The Trademark and Licensing Agreement (TMLA) of 2001 granted Fonterra a ‘sole and exclusive’ licence to use the BEGA trademark on, or in relation to certain cheese and butter products. The term was 25 years. Up until 2017, Fonterra was the only supplier of products which bore the BEGA trademark to grocery retailers in Australia. However, in that year, Bega acquired ‘Mondelez International,’ which comprised peanut butter, Vegemite, cheese and cream cheese spread products.  Bega notified Fonterra that it wanted to launch its own products under the BEGA trademark. 
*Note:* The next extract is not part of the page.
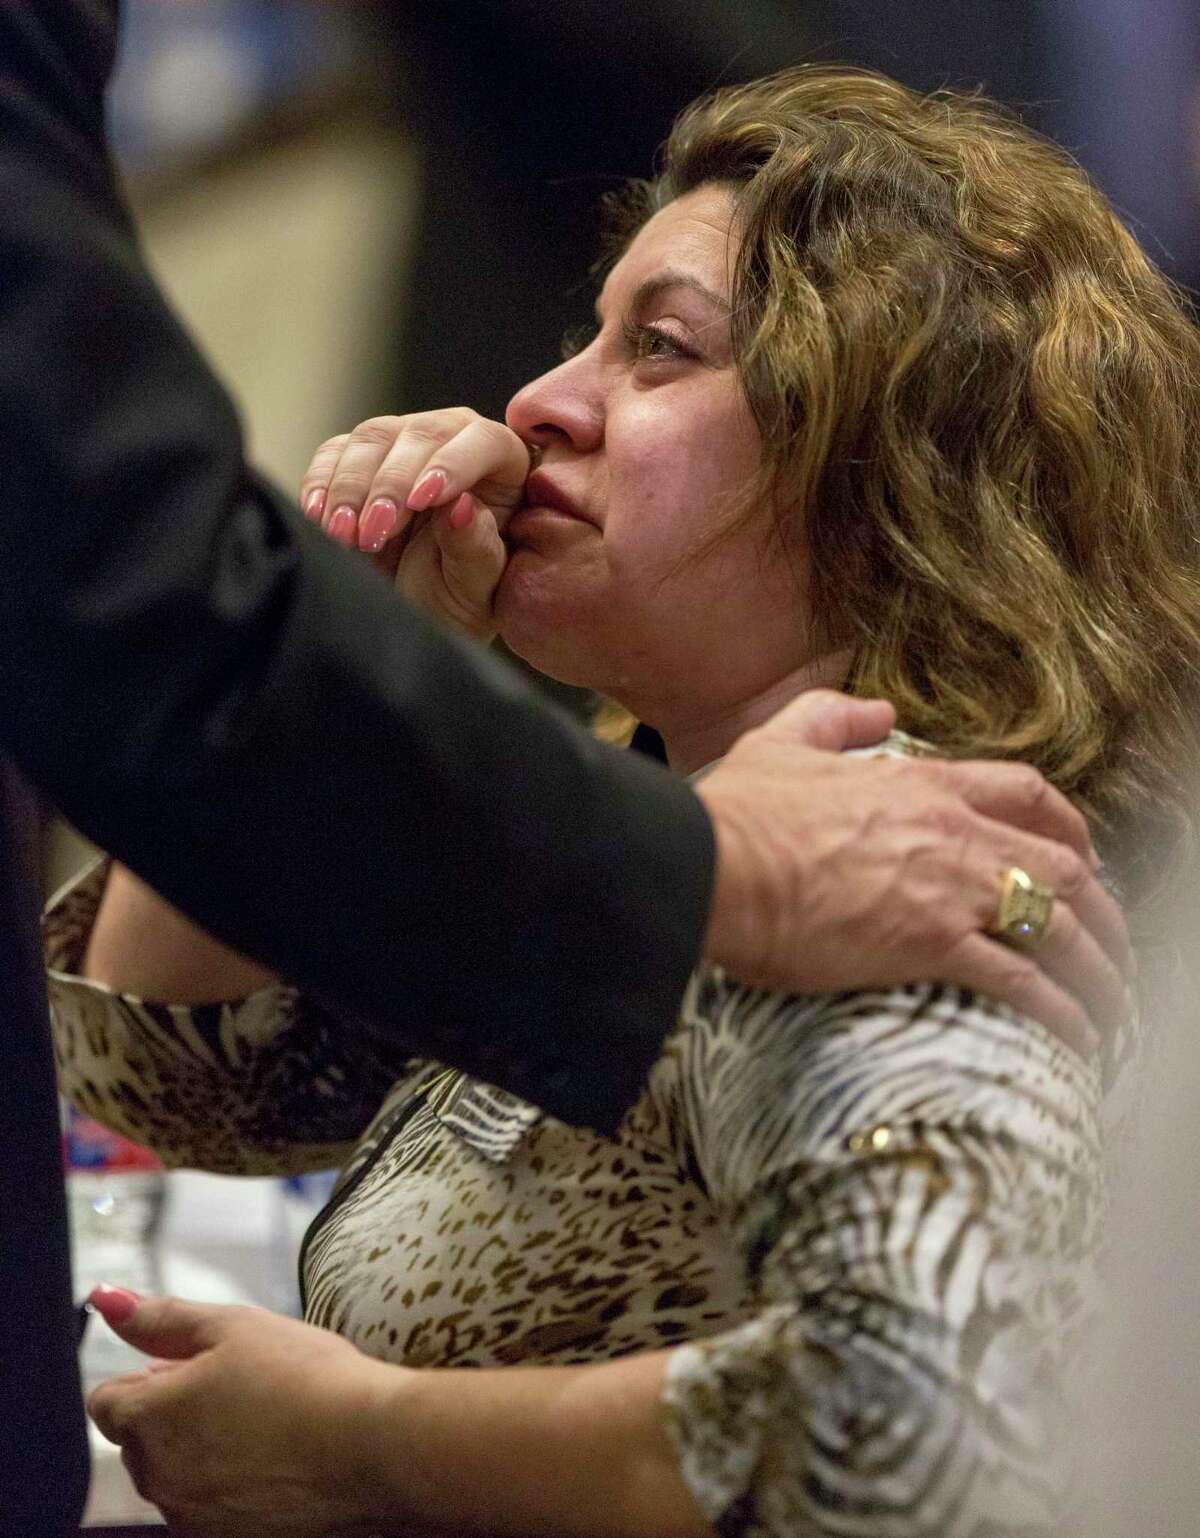 Frances Hall talks to one of her lawyers moments after the jury left the courtroom to begin deliberations in the punishment phase of Hall's 2016 murder trial. Hall was convicted of killing her husband, trucking tycoon Bill Hall, by running his motorcycle off the road with her Cadillac SUV.

Fonterra claimed that the TMLA gave it the exclusive right to use the BEGA trademark and that Bega had no right to use the mark on products such as peanut butter. The Court disagreed. Additionally, Bega counter-claimed that Fonterra had breached terms of the TMLA by failing to market and promote Bega-branded products and the Bega brand, entitling them to terminate the agreement. Again, the court disagreed. 

The Court confirmed Bega’s right to use the Bega brand on peanut butter products purchased from Mondelez. Fonterra would retain the exclusive licence for the Bega Cheese brand for cheese and butter. This case demonstrates the difficulties which can arise under long-term contractual agreements.